Say Goodbye To Our Town

“Our Town” was the first song Iris Dement wrote, a ballad to the disappearing small towns across much of the country. America has always had a love affair with small towns, usually through the big screen eyes of Hollywood, but we’ve enough great novels written on the subject, after all, hasn’t everyone read Main Street by Sinclair Lewis? Perhaps if you’re over the age of sixty you took the time to enjoy the writing. There were other such novels about our disappearing American settings. And who could forget that Pulitzer Prize wining play by Thornton Wilder? It was also made into a movie with a very young William Holden. Never heard of it? The score for the film version was written by Aaron Copeland. Never heard of him either? Well, say goodbye to Our Town, the sun’s sinking fast.

I am not here to write about nostalgia although I will write about the past, write about our histories, notice the plural. We can go on the internet, the new media, I really don’t know what to call it except recycled videos dressed up in new clothes. Almost everybody and their brother has a presence on the internet at one place or another, all what is called social media and all featuring influencers, the new profession paid through advertisements or subscriptions. And these are all very talented individuals, just ask them. At the turn of the previous century they would have been called vaudevillians, most living in what were little more than flop houses (very, very cheap hotels with hot and cold running bedbugs), and barely making enough for a scanty meal a day. Talent then was barely worth a nickel. But I hear tell some of these social influencers make a good middle class living, just like to old timers who became successful as entertainers to larger audiences. As I said, I will write about our histories and of ‘Our Towns”, past and present. It takes an old geezer like me to do it, the young have no sense of history.

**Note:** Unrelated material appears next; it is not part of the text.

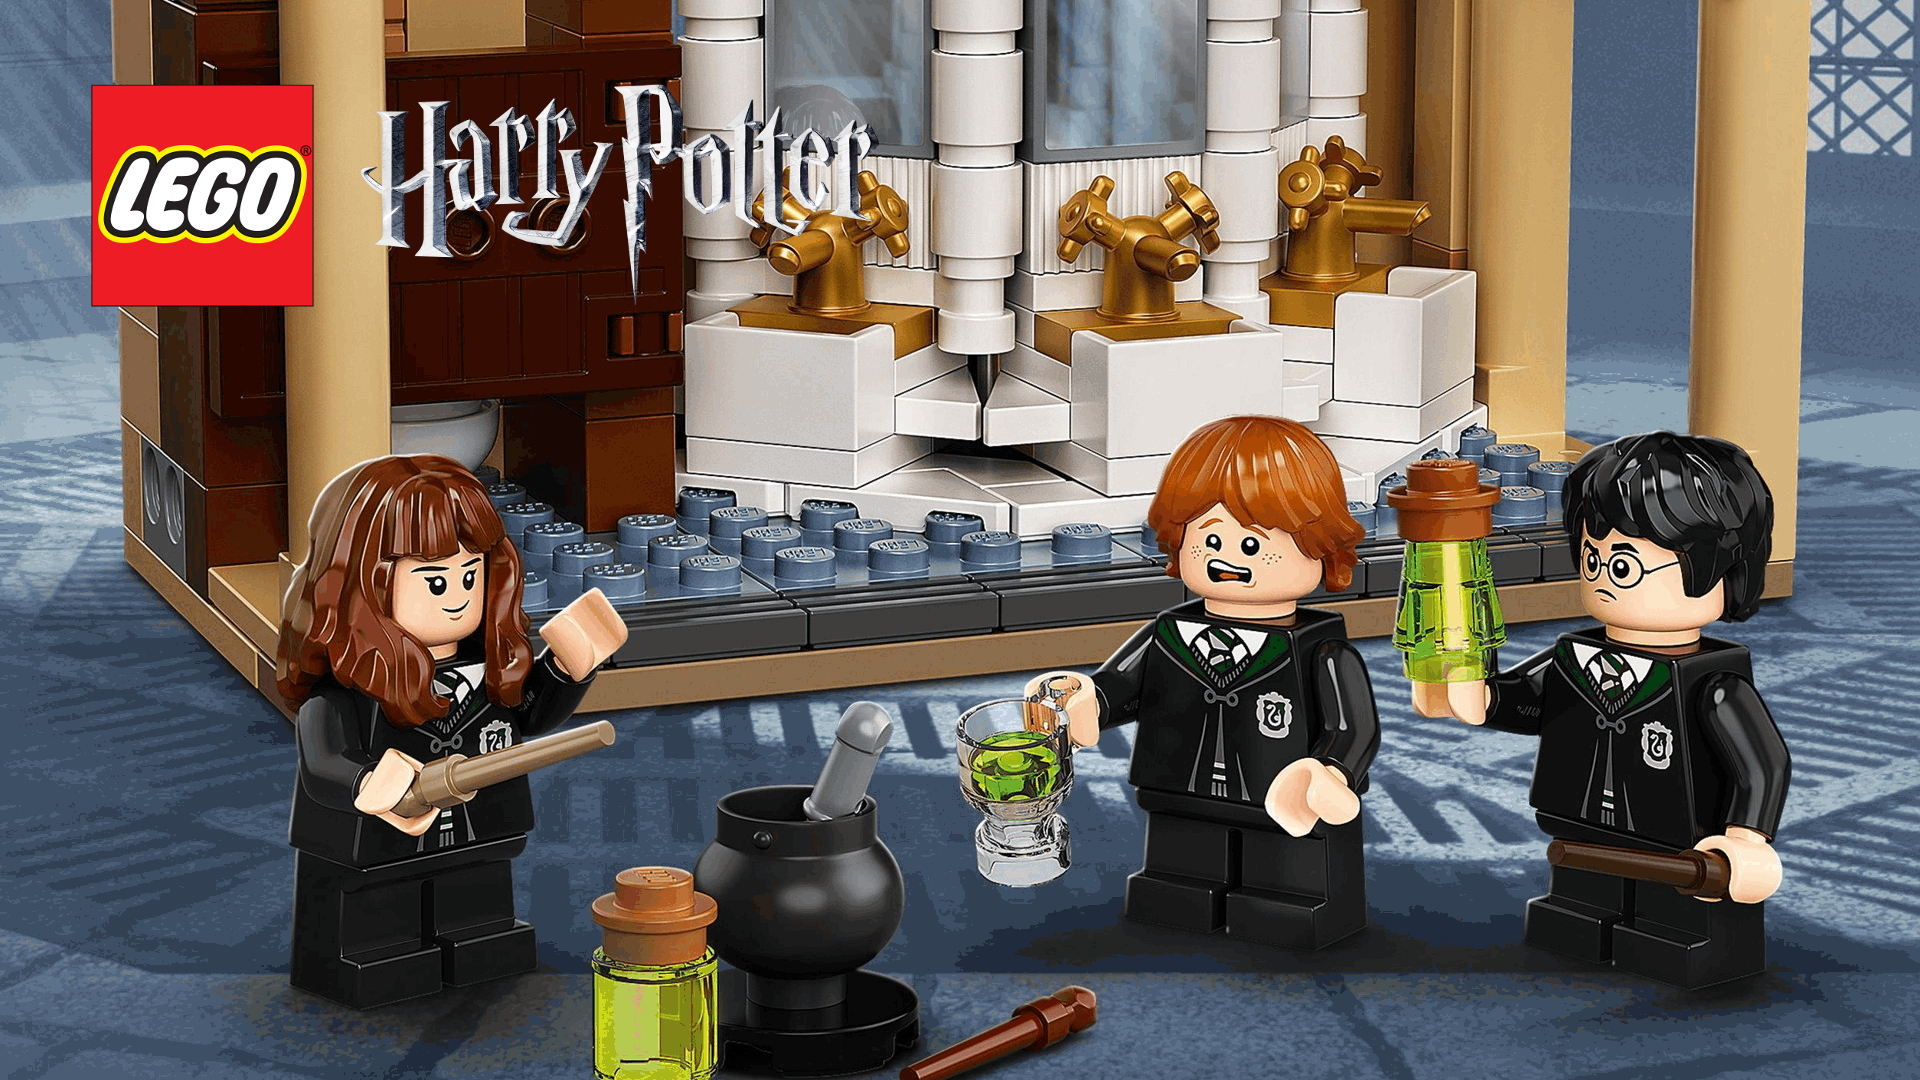 Polyjuice Potion Mistake 76386 Bathroom Building Kit with Minifigure Transformations; New 2021 217 Pieces LEGO Harry Potter Hogwarts 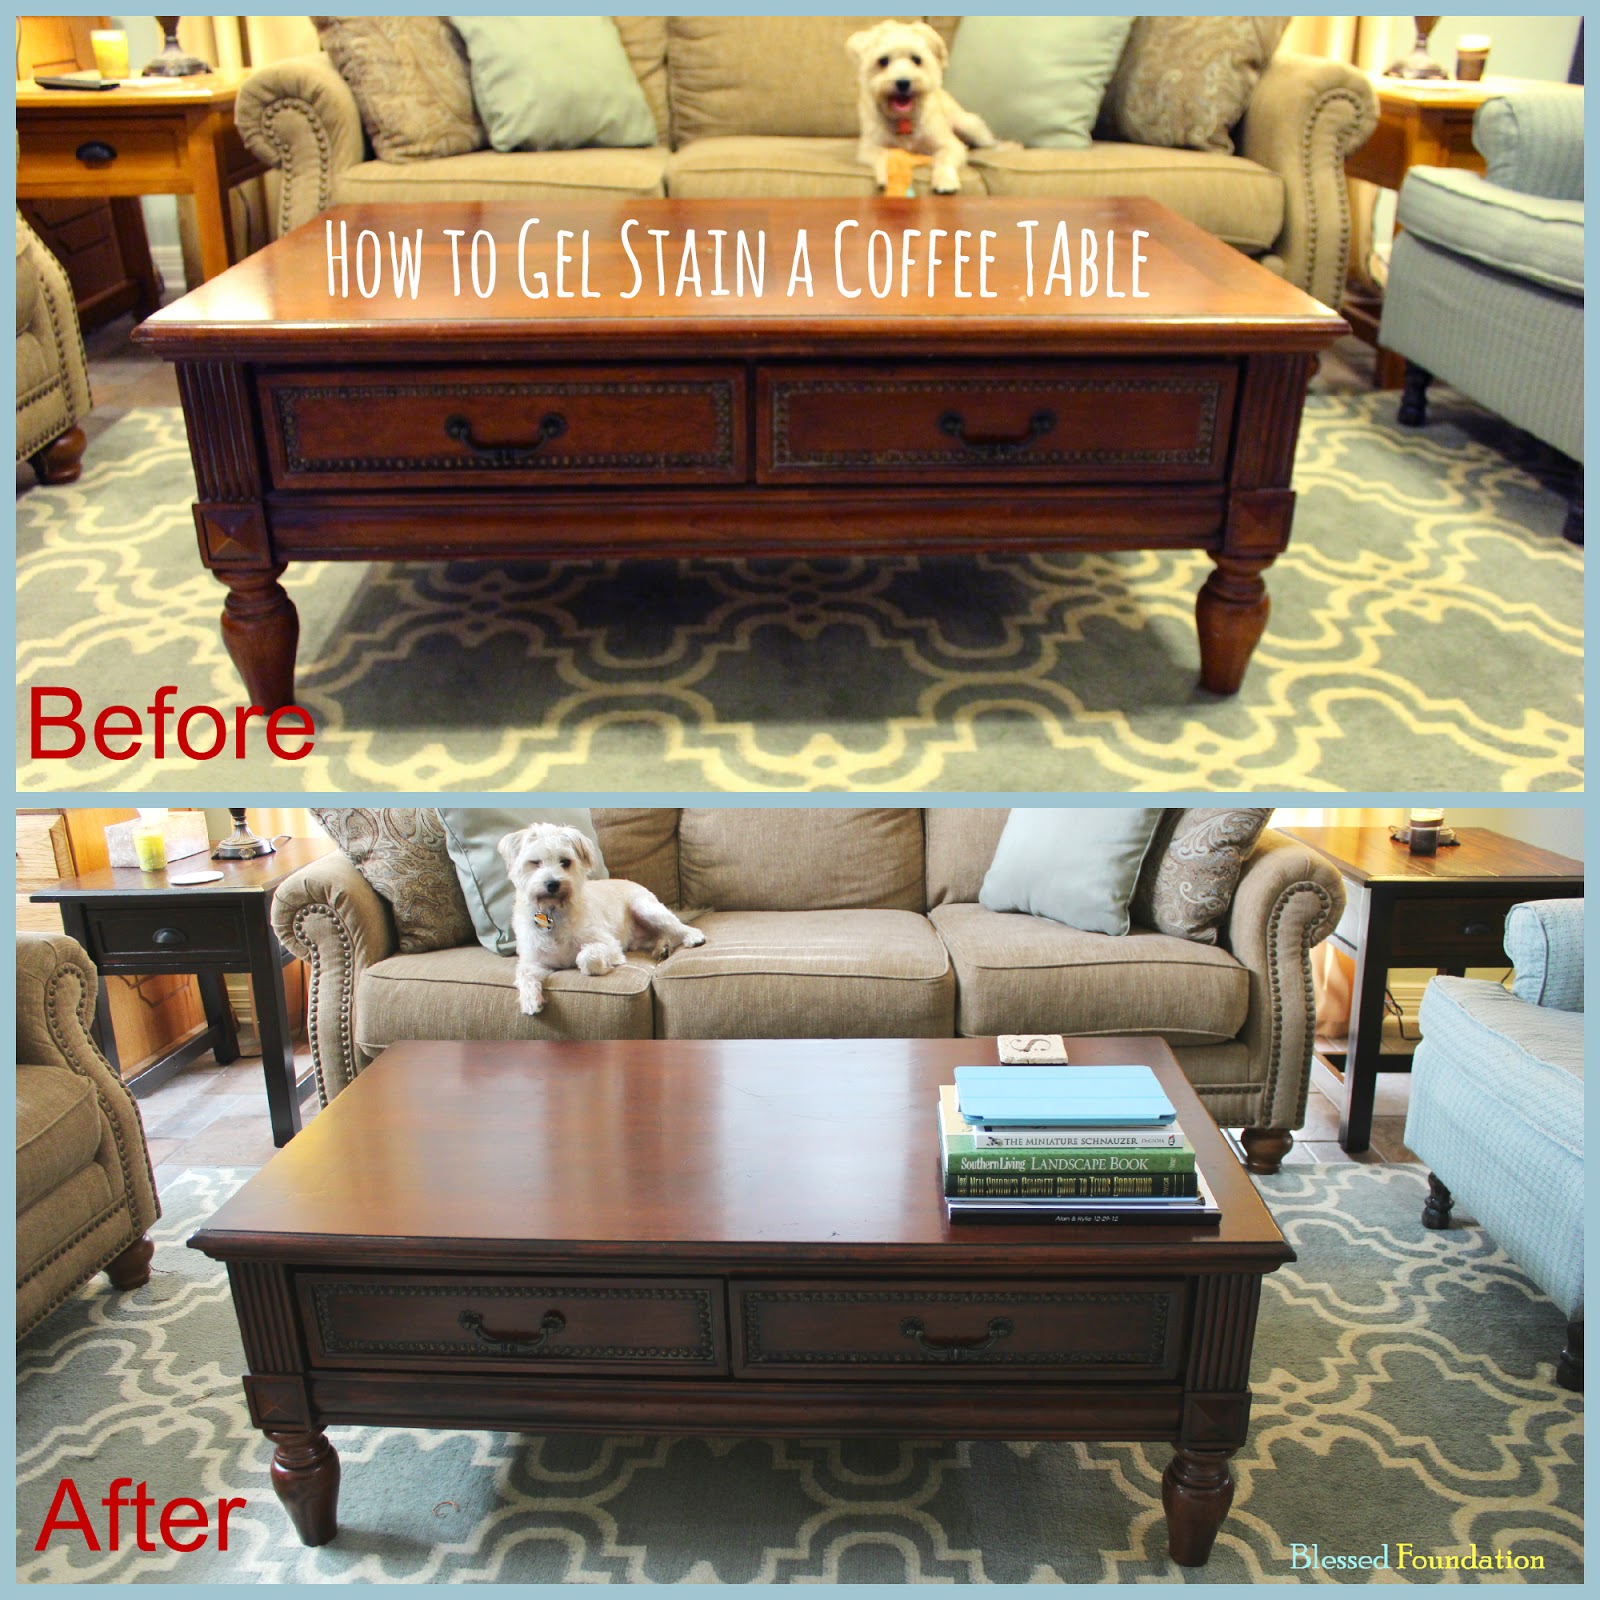 Blessed Foundation: Post 24: Coffee Table Makeover: Gel Stain

Since our schools, the exalted educational system the various teachers’ unions and the National Educational Association, and a host of other Alphabet organizations have failed to provide instruction on how ‘We” as a nation evolved I suppose I should begin with a few insights. Most immigrants to America (in the early days of the colonial system) were, for the most part, penniless and often worked as indebted servants, although the term slave would have been a better fit for most of them. The period of indentured servants was usually fixed at seven years although longer periods were not unknown and certainly not rare. If the owner of the servant complained that the servant had not lived up to the conditions that period of enslavement would be lengthened until the debt was judged paid in full. And the servant could buy the debt but this was a rarity. My own family came from Scotland in 1724 into the port of Boston and traveled as far north as Maine to settle. Other Clan members went south of Virginia and through the Cumberland Cap where they carve out their own settlements. Still others headed west through New York and into Ohio Territory. Very few European citizens ever immigrated to the Colonies unless they were desperate and still later as many decades passed few in Europe though America all that desirable.

Immigrants found the colonial cities filled but expanding, the local farmland ever expanding westward, and so most employment opportunities were of an agricultural nature. Few European who came had trades they had practiced in their home country but for many to spindle and spinning wheel were familiar enough for women while a strong back would suffice for manual labor for men. One came to build a new life in a new country that was still under construction. Now what most of our vaunted public school teachers do not know and therefore cannot teach is that for the first twenty years or so the local governments were communitarian, no, not communist, there is a difference. Sometimes we associate the Shaker movement with socialism but they really were communtarians, sorry socialists, you’re wrong. If you don’t know what it is, go look it up.

But America has always been a country established by the constant move of population from the eastern coasts ever westward. Now sure, some people took a shortcut around the horn and found themselves in either LA or San Francisco, but that’s another story. The establishment of small farms in the northeastern part of the colonies was due to soil conditions, rich soil but full of rocks, big and small, hence one of the favorite building materials for houses, barns, and fences. The mid-Atlantic states had better soil with far fewer rocks and being more southerly climate wise, could produce a wider range of crops. By the time one reached the Carolinas, the agricultural selection had changed to crops such as rice, sugar cane, indigo, cotton, and tobacco. With the vast tracts of pine forest, one could also produce pine tar and other naval stores. Georgia did some of that on its narrow coast but its red clay was planted mostly in cotton and some tobacco in the northern part of the state. From Virginia south we saw the normal crops for local food consumption although the northern and western part of the state produced large crops of corn, wheat, and oats. Virginia produced far more tobacco than cotton. At this time, there were no states where cattle production became an export to other states.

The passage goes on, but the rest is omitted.